In a sandstorm, midair collisions between particles dramatically increase the flow of grains within the storm, rather than hindering the flow, according to a report in Physical Review Letters. This surprising result comes from 3D simulations where the researchers compared runs with and without midair collisions. They found that collisions allow high-speed particles to be “recruited” more effectively from the lower speed particles near the ground. The finding suggests that accurate sandstorm modeling must account for these collisions, which have been ignored by other models. Sandstorms and similar processes reshape landscapes on earth and on other planets, so improving models may be important for a wide range of geoscience research.
Sand grains are whipped into the air during a storm by a process called saltation. The storm creates a dense, roiling bed of grains at ground level, perhaps a few centimeters thick. Some of these grains, called saltons, get kicked high above the bed, where wind speeds are higher, and are accelerated so much that they can slam back into the bed and generate a “splash” of other grains. Some of the ejected grains are then caught by the wind and become new saltons. While saltons are a small fraction of the total (most grains are in the bed), they make up most of the visible grains in a sandstorm.
Previous computer simulations studying the role of midair collisions—those taking place above the bed—had been hampered by huge computational requirements. Hans Herrmann of the Institute for Building Materials in Zurich and his colleagues developed a 3D simulation that included such collisions, although it required some simplifications in the treatment of the wind. The computer code also allowed the team to vary the amount of kinetic energy a grain retained after a collision.

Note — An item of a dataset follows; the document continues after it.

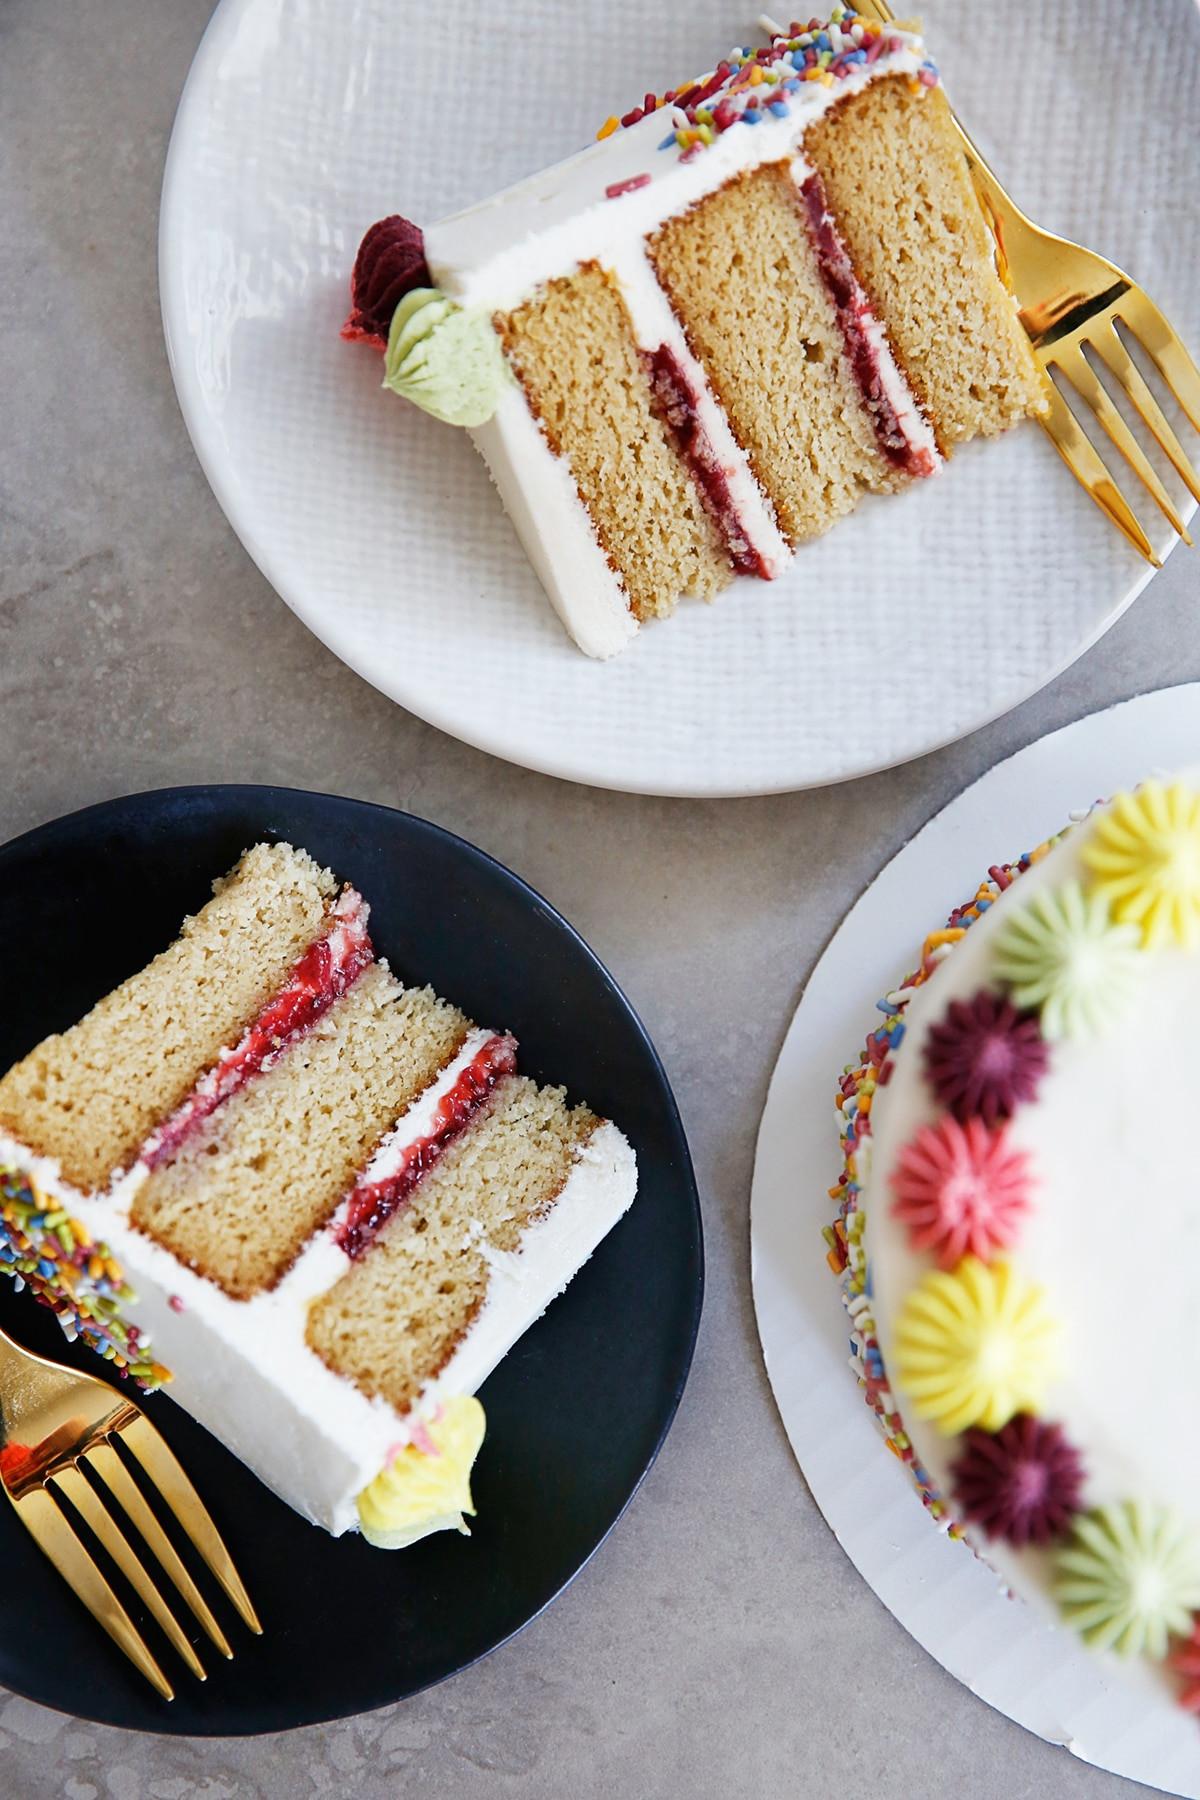 Layered Birthday Cake Recipes  The BEST Gluten Free Layer Birthday Cake Lexi s Clean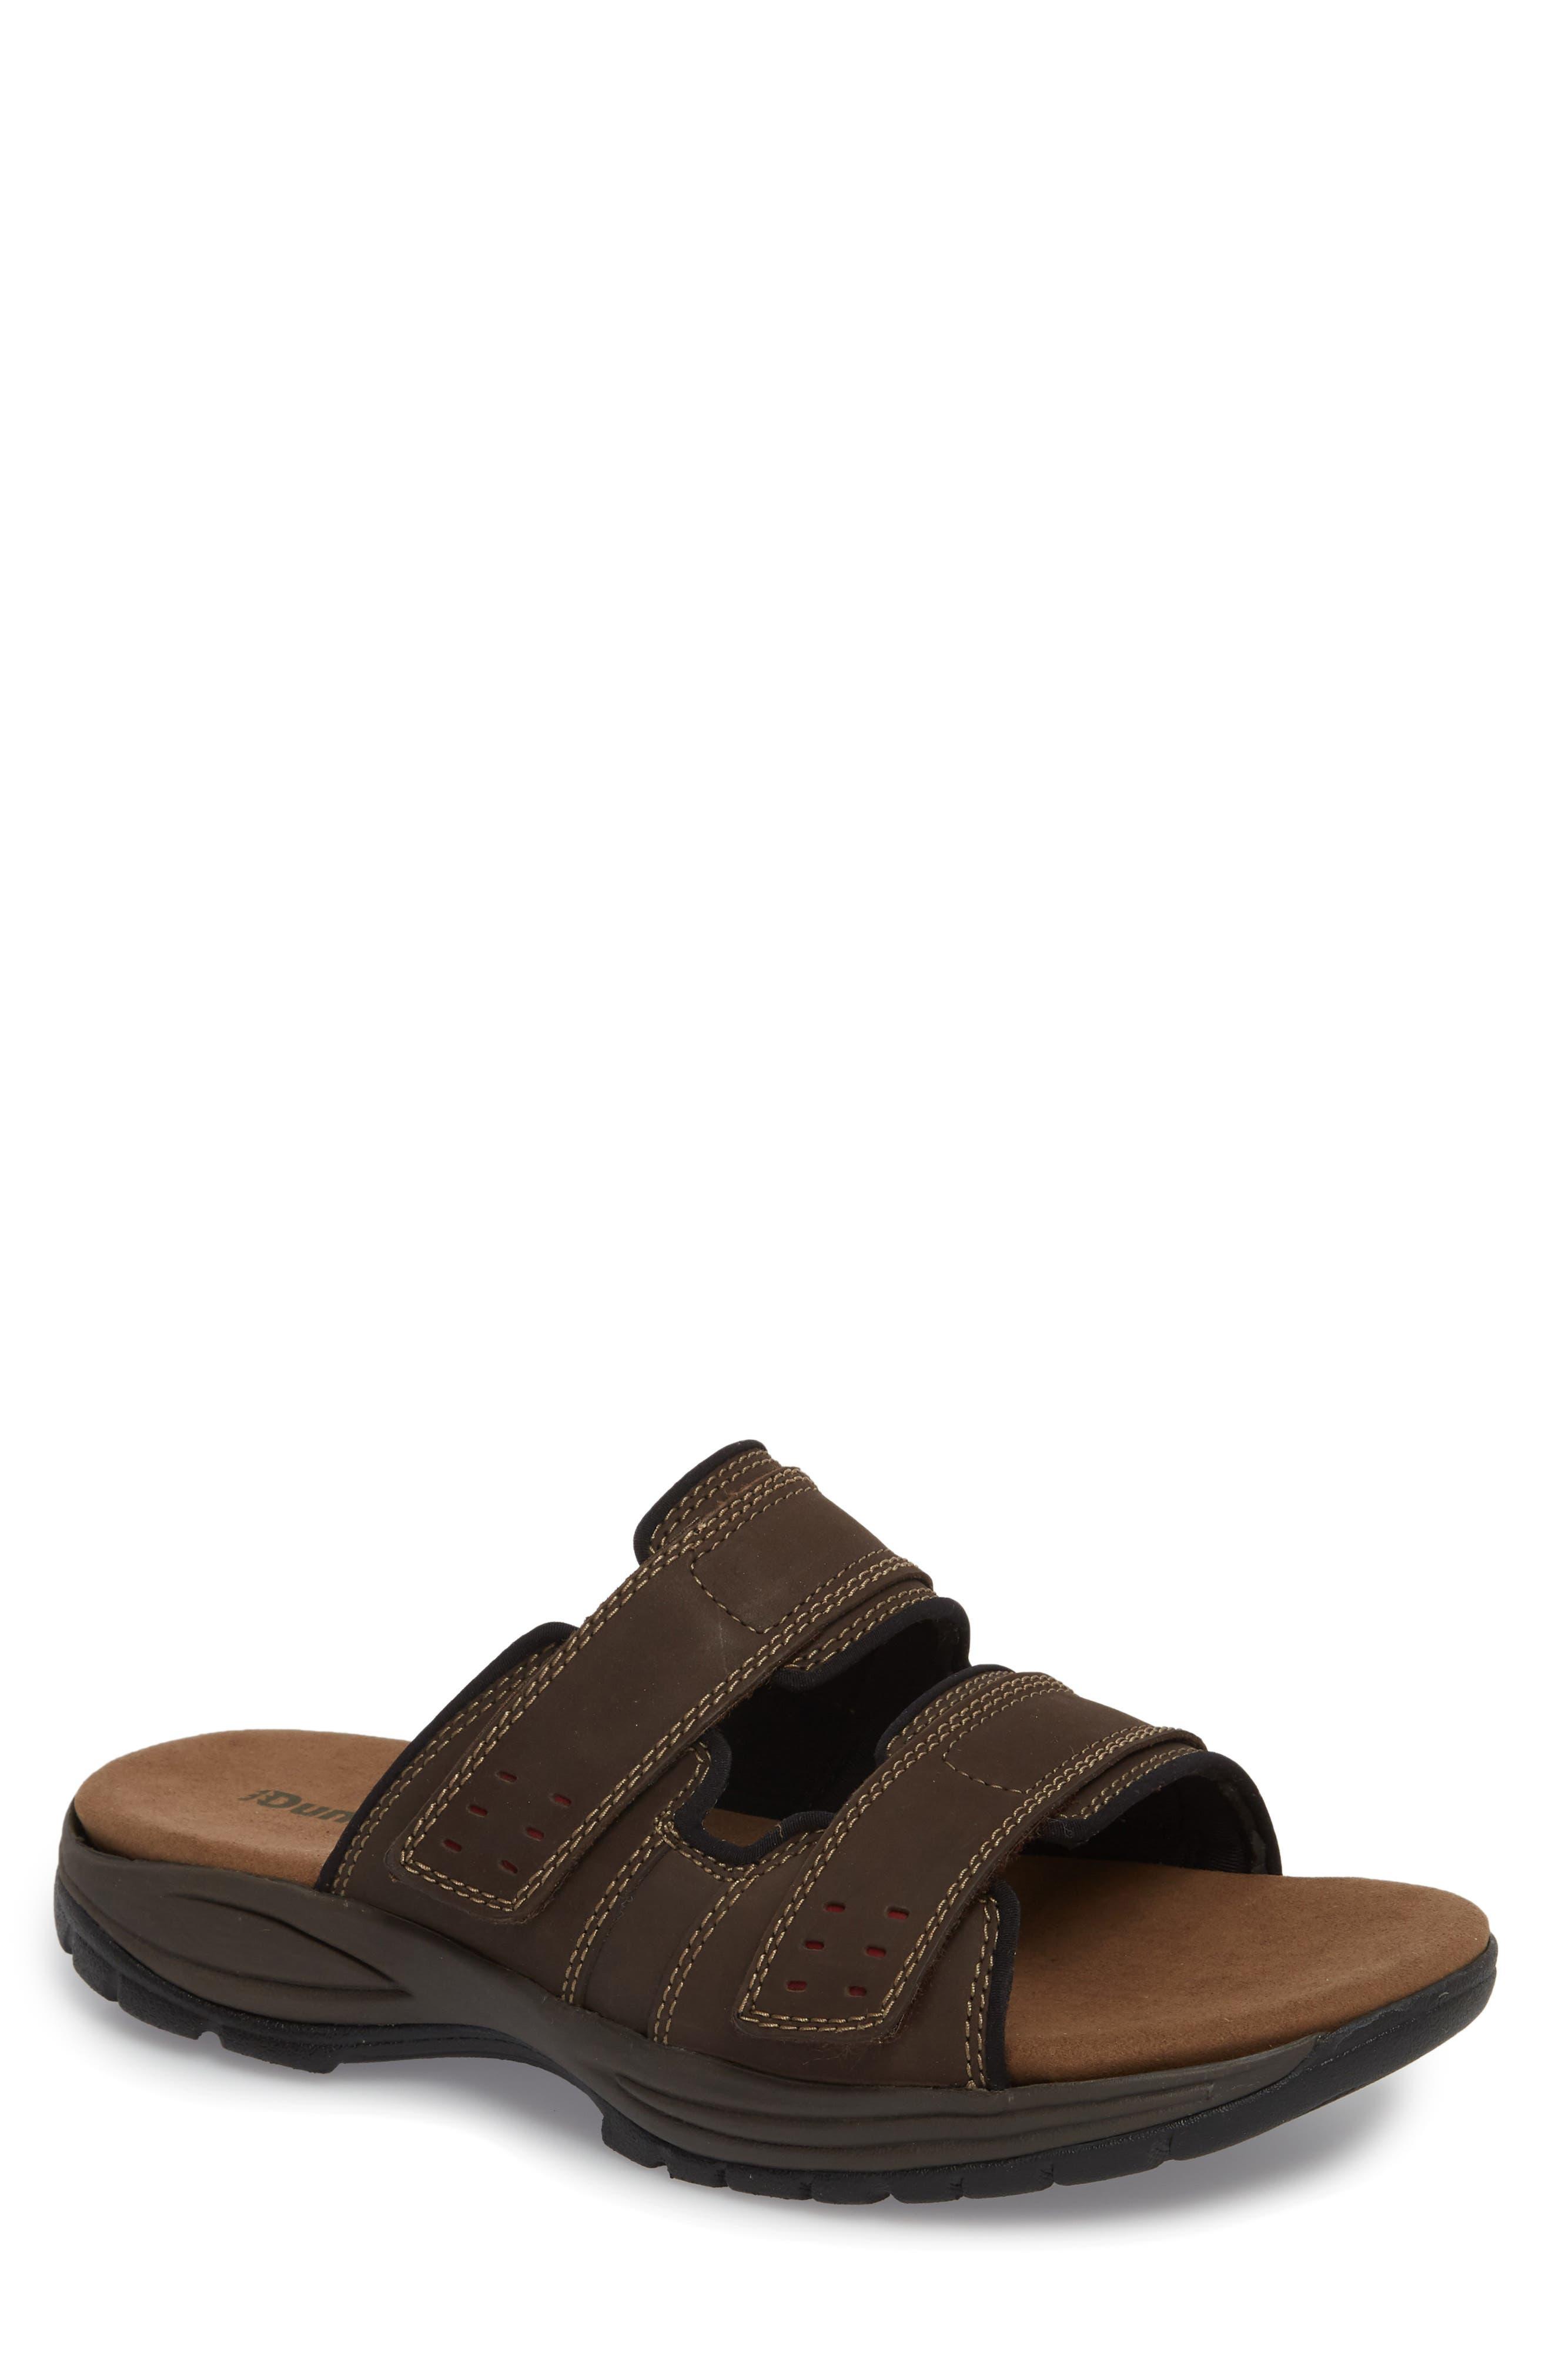 Newport Slide Sandal,                         Main,                         color, DARK BROWN LEATHER

The team monitored the flux, a measure of the storm’s strength, defined as the number of grains passing through a fixed area inside the storm. Surprisingly, when midair collisions were switched on, the overall flux increased by up to threefold. “This result is counterintuitive,” Herrmann says. “One would naively expect that collisions between grains would shorten [their] trajectories,” not lengthen them. Herrmann and his colleagues also found that the flux was maximized if the simulation required grains to lose about of their speed in each collision, rather than retaining all of their kinetic energy. Overall, they found that midair collisions were an important part of the saltation process.
To explain their results, the team points to “leapers,” grains that are kicked up by salton splashes but not high enough to become saltons. In the event that two leapers collide, one can be boosted higher into the air, where it can collide with yet another particle and be boosted even higher. Eventually, it can rise high enough and gain enough speed from the wind to be classified as a salton, meaning it can generate more saltons when it slams back into the bed. This seemingly unlikely sequence turns out to be a common occurrence because the density of grains in a sandstorm is so high.
The researchers also found that when a pair of grains lose some speed from a collision, they are more likely to exit the interaction in similar directions than if the collision were perfectly elastic. This partial alignment increases flux, they say, which explains why the peak flux occurred when the simulation required that collisions slow particles down.
Jasper Kok of the University of California, Los Angeles, says that these results will likely influence how researchers model these systems in the future. He says Herrmann and his colleagues have “looked at [the problem] really carefully, with a really good model, trying to capture it in intuitive physics.” However, verifying the model may be difficult, says Kok, since one can’t control collisions in experiments. Kok says a better understanding of the flux generated by a storm is “massively important,” since particles from these storms melt snow, obscure solar radiation, and reshape beaches.